Der Bauantrag für zwei Mehrparteien-Häuser Ende 2023 in der Bauersiedlung hatte eine Kontroverse um Nachverdichtung ausgelöst. Denn es waren deutlich mehr Wohneinheiten geplant als es der bestehende Bebauungsplan hergab. In der Folge nahm sich die Stadt auf Anregung des Landratsamts die Aktualisierung des Plans vor – mit dem Ziel mehr Nachverdichtung zu ermöglichen. Demnächst wird der Plan rechtskräftig. Mit 6:1 Stimmen fiel im Bauausschuss der Satzungsbeschluss nach zweiter öffentlicher Auslegung. Nur Grünen-Stadtrat Christian Rank stimmte dagegen. Er teilte die Sicht der Bürger, die Einwände erhoben hatten (s. im Folgenden).

Bürger-Einwände gegen Nachverdichtung in der Bauersiedlung

• Stellungnahmen: Es sei „eher ungewöhnlich“, dass so viele Bürger Stellungnahmen abgeben, kommentierte Christian Rank die vier Einwände.

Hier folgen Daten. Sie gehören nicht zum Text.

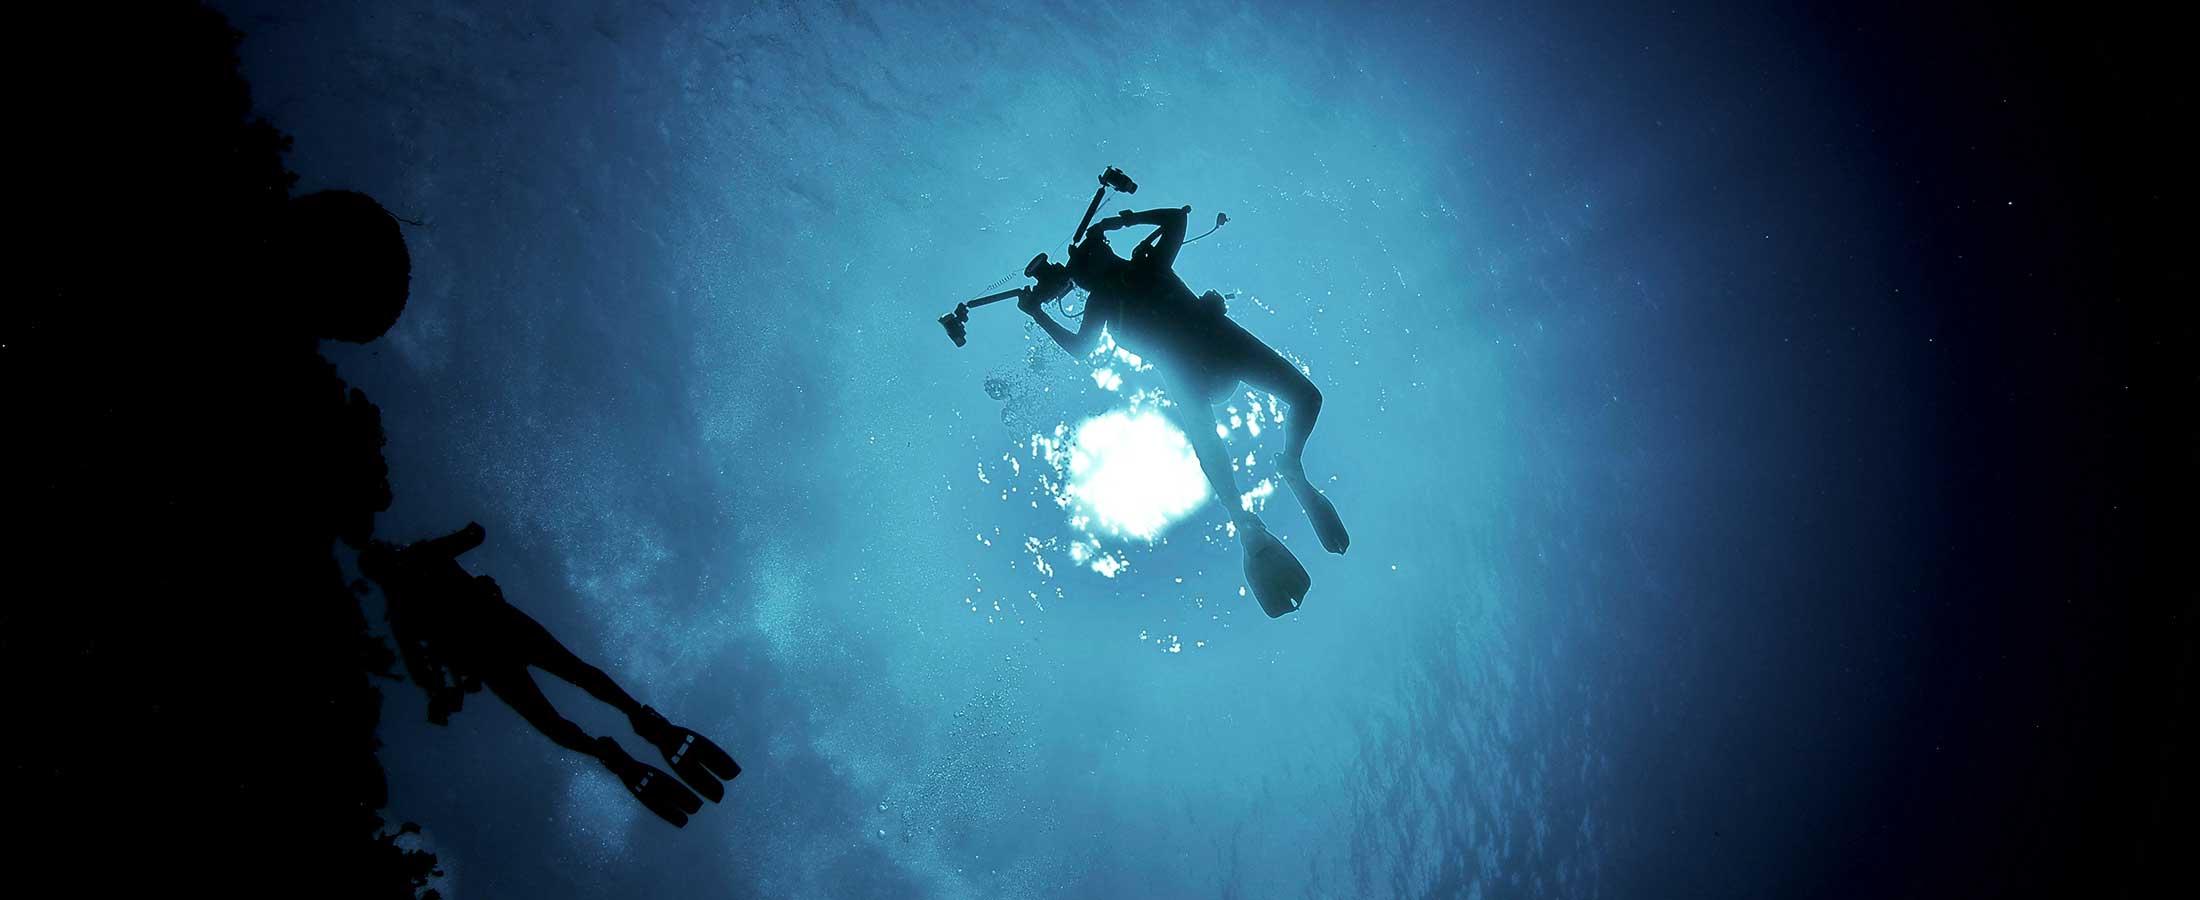 North Pole Cave dive site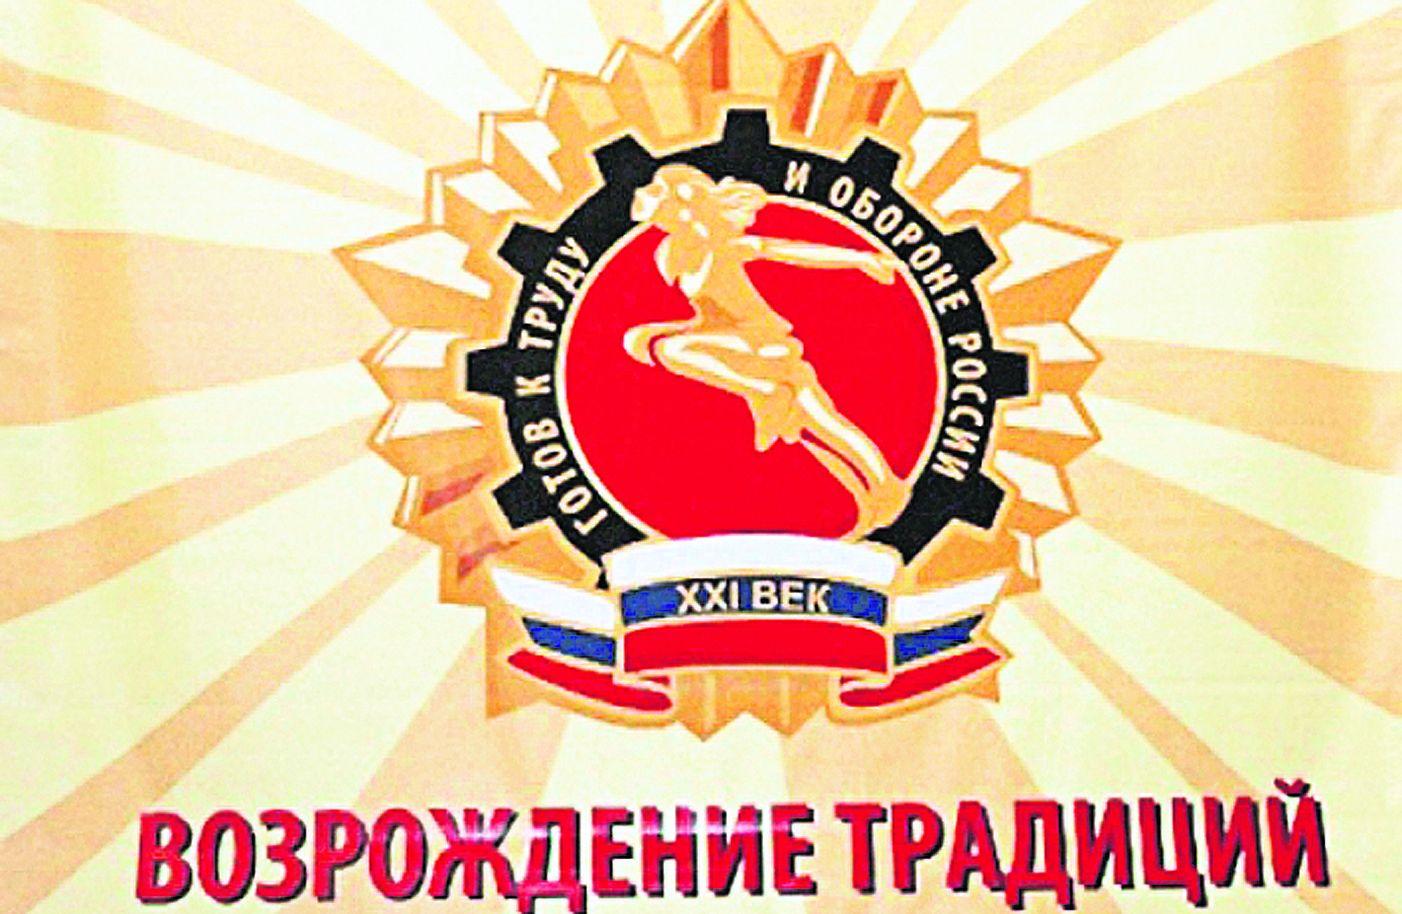 http://www.mospravda.ru/upload/iblock/2c9/2c9adbd06c9464c55604a5d0e4a65db4.jpg

• Sorgen: Die Bürger führten „Ungerechtigkeit“ ins Feld, in verschiedenen Zonen sollen unterschiedlich viele Wohneinheiten erlaubt sein. Auch Probleme beim Parken (insbesondere in der Rebhuhnstraße) oder mit einer zu klein dimensionierten Kanalisation bei Starkregen sahen sie vorprogrammiert. Planer Fritz Bauer argumentierte, dass das eine gezielt so aufgenommen sei, das andere nicht die Ebene der Bauleitplanung betreffe.